**RAW DATA**:
------------

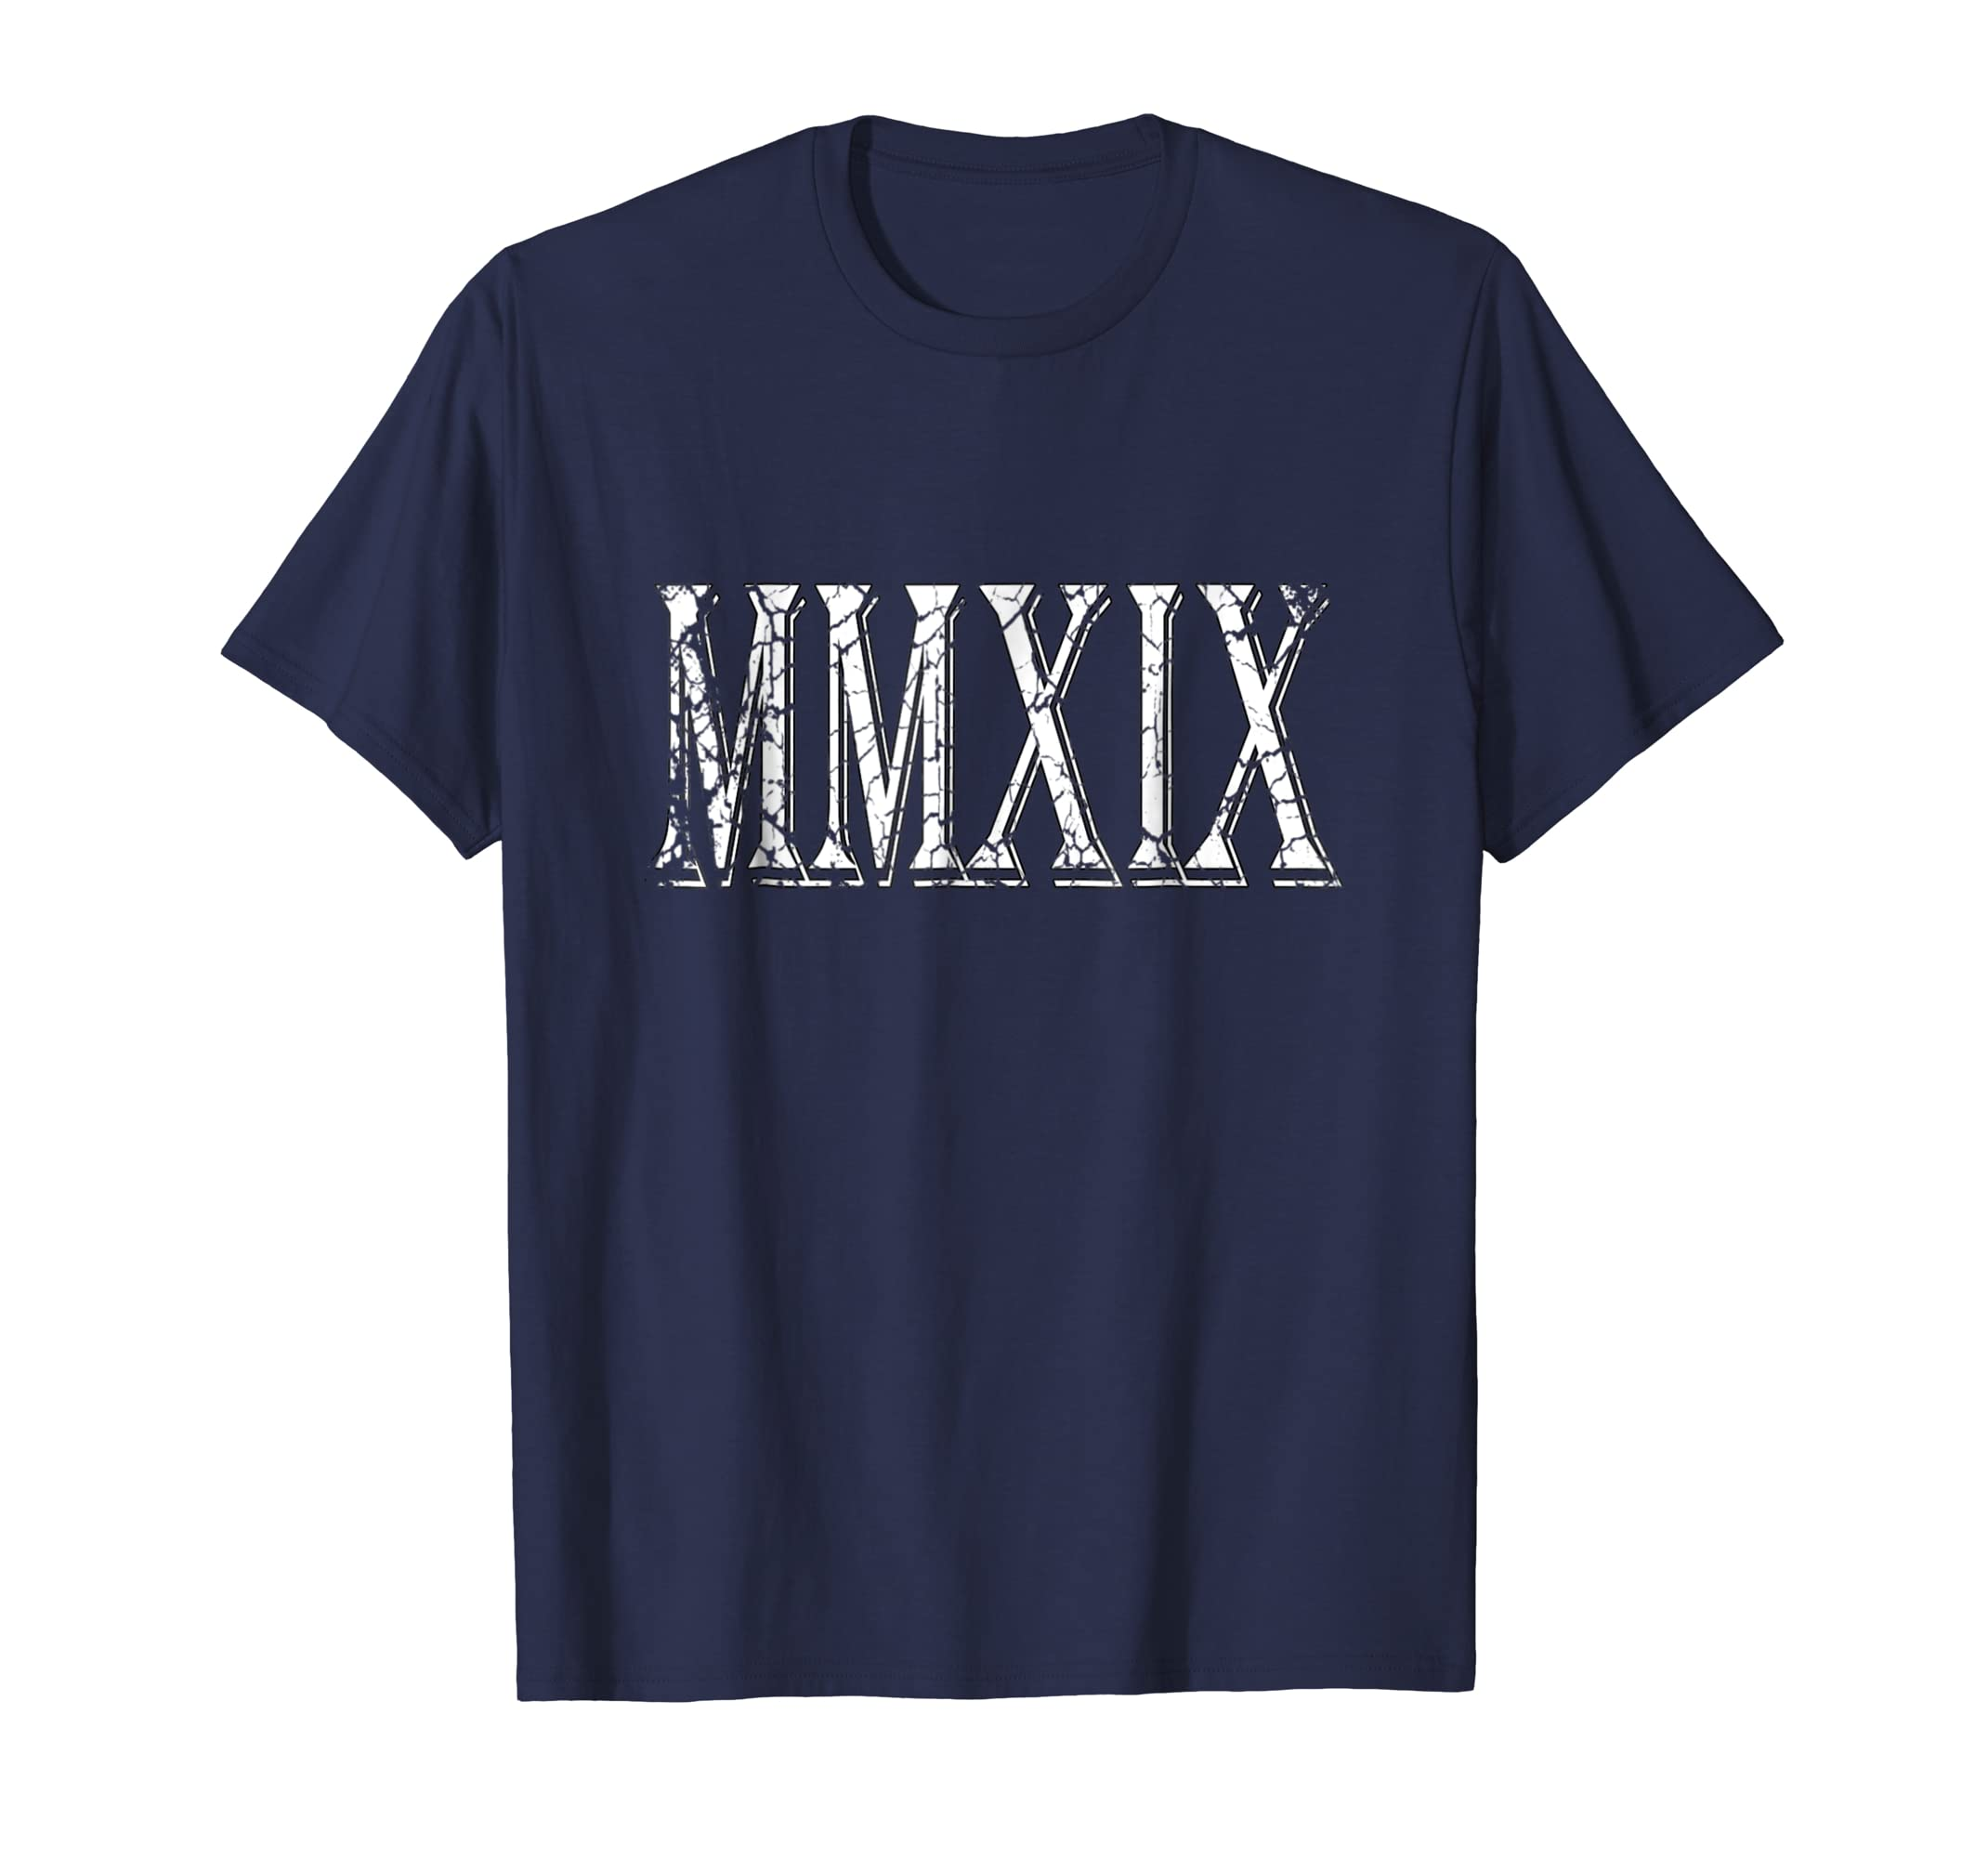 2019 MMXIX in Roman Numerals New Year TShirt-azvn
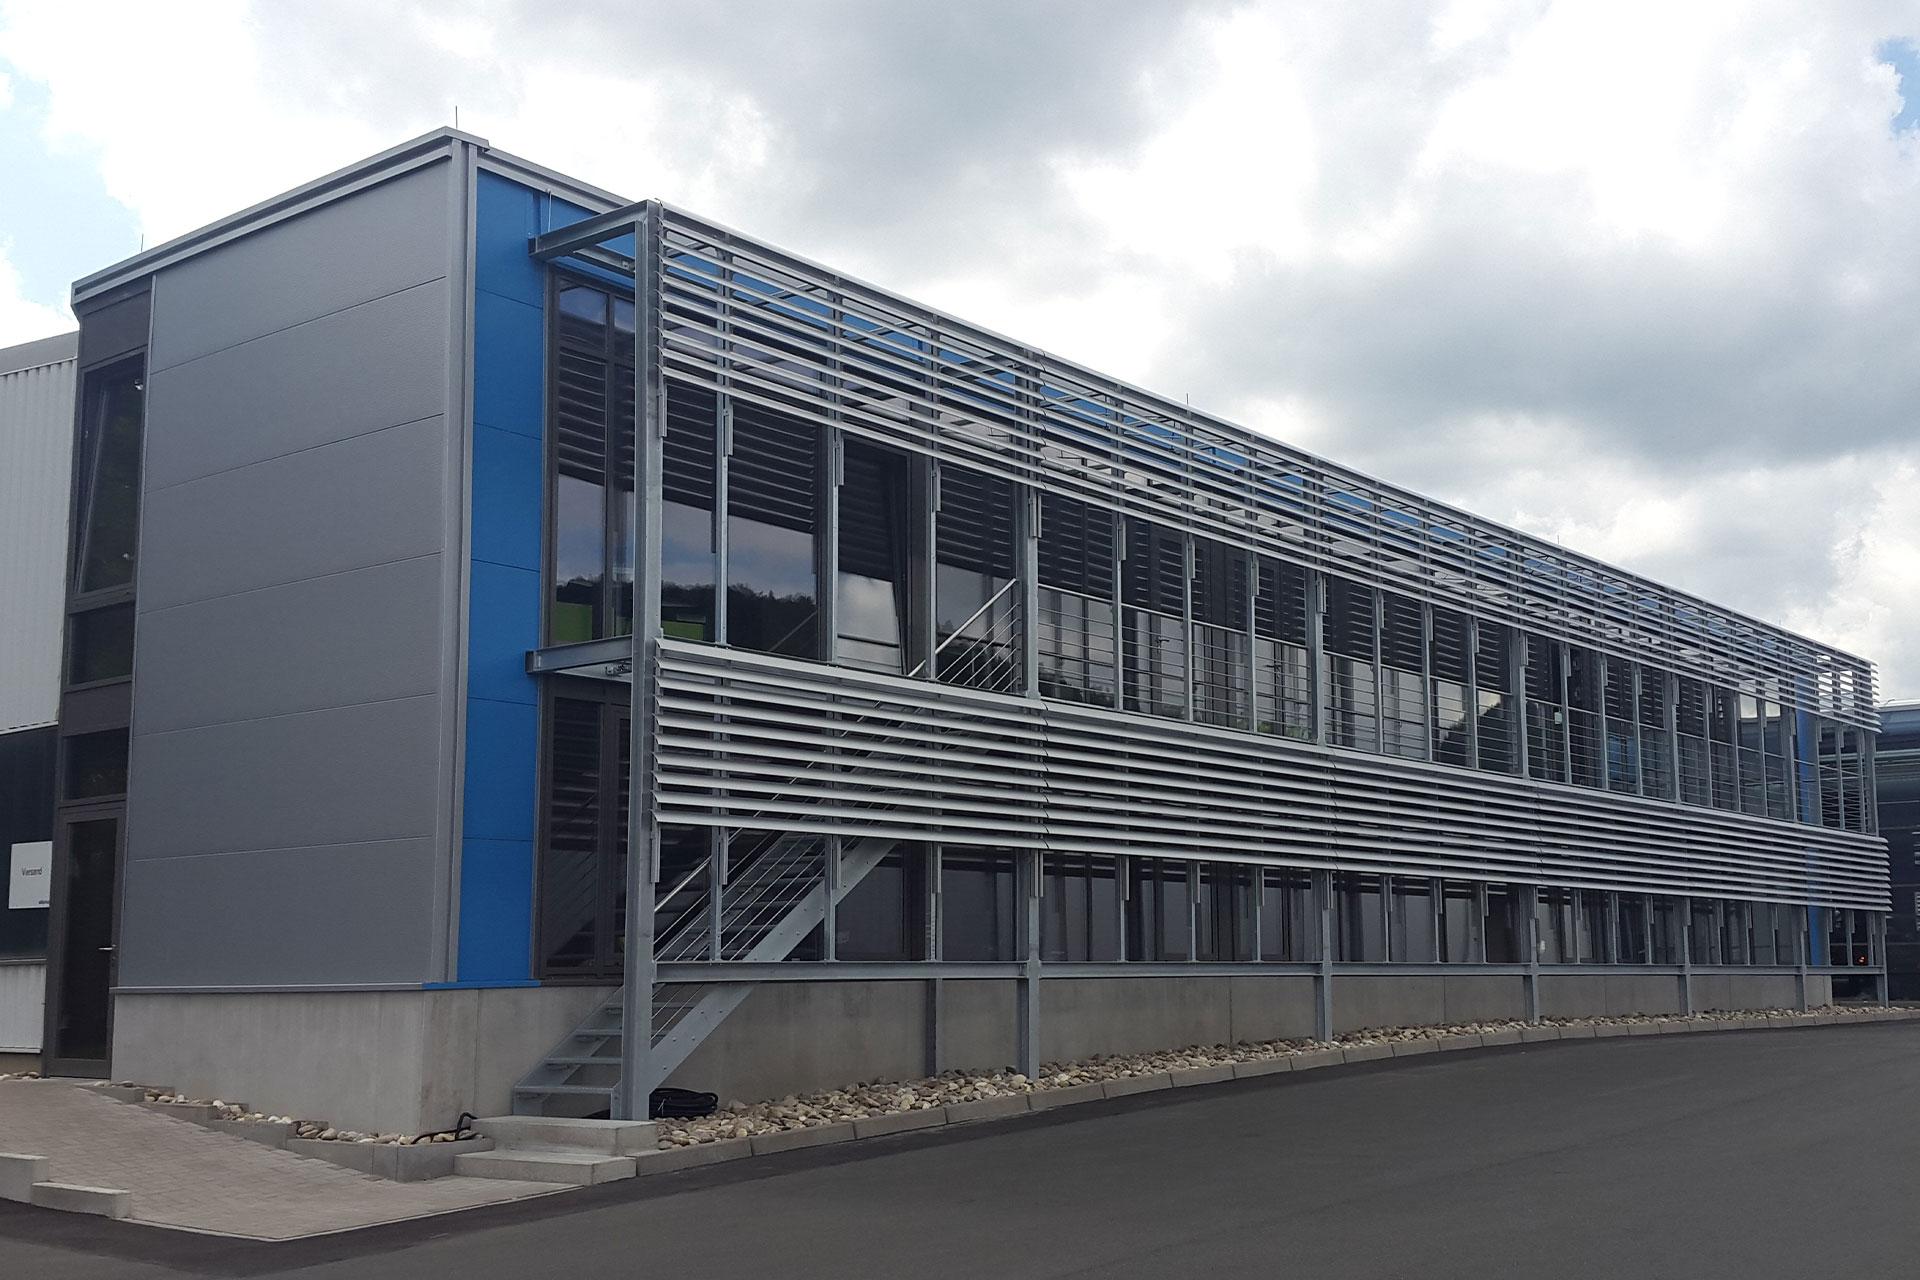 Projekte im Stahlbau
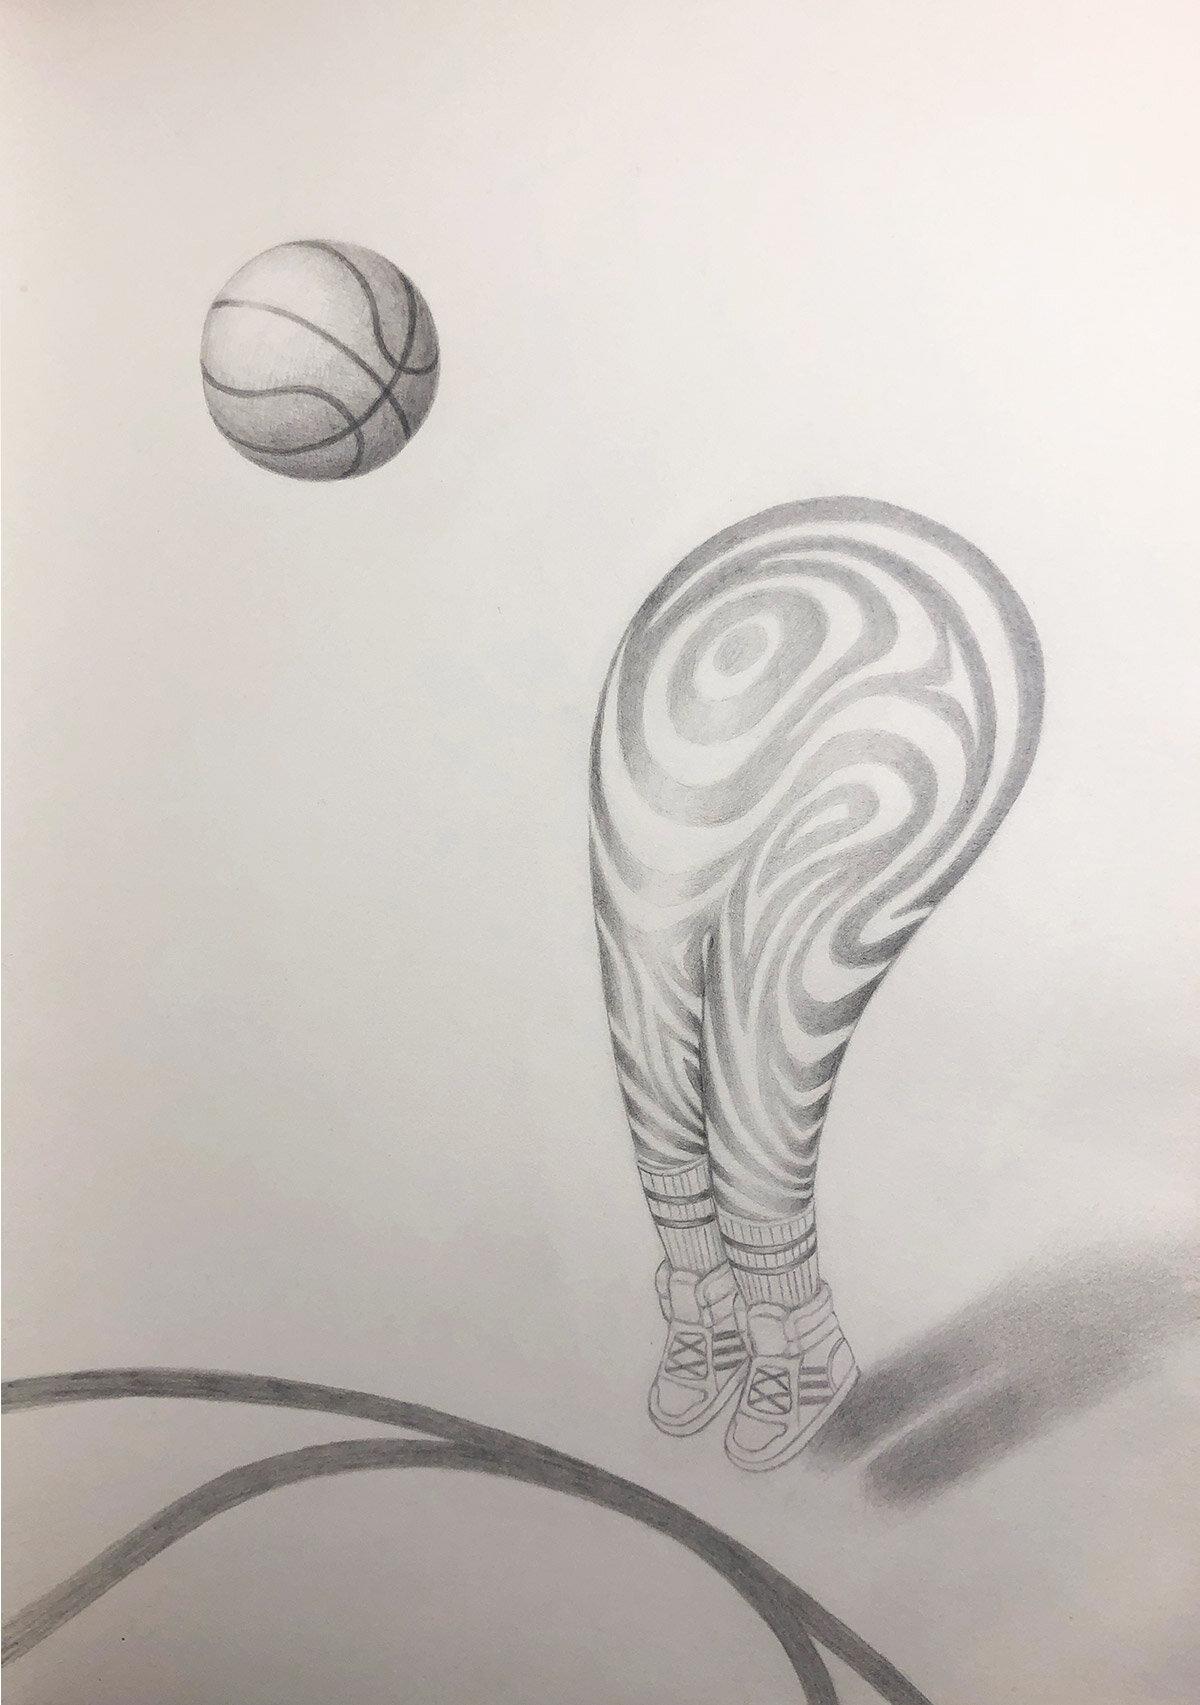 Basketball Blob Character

------------

**PROBLEM STATEMENT**: Without the pictures, return the whole of the data exactly as given.

**YOUR SOLUTION**:
 2019 MMXIX in Roman Numerals New Year TShirt-azvn
 Projekte im Stahlbau
 Basketball Blob Character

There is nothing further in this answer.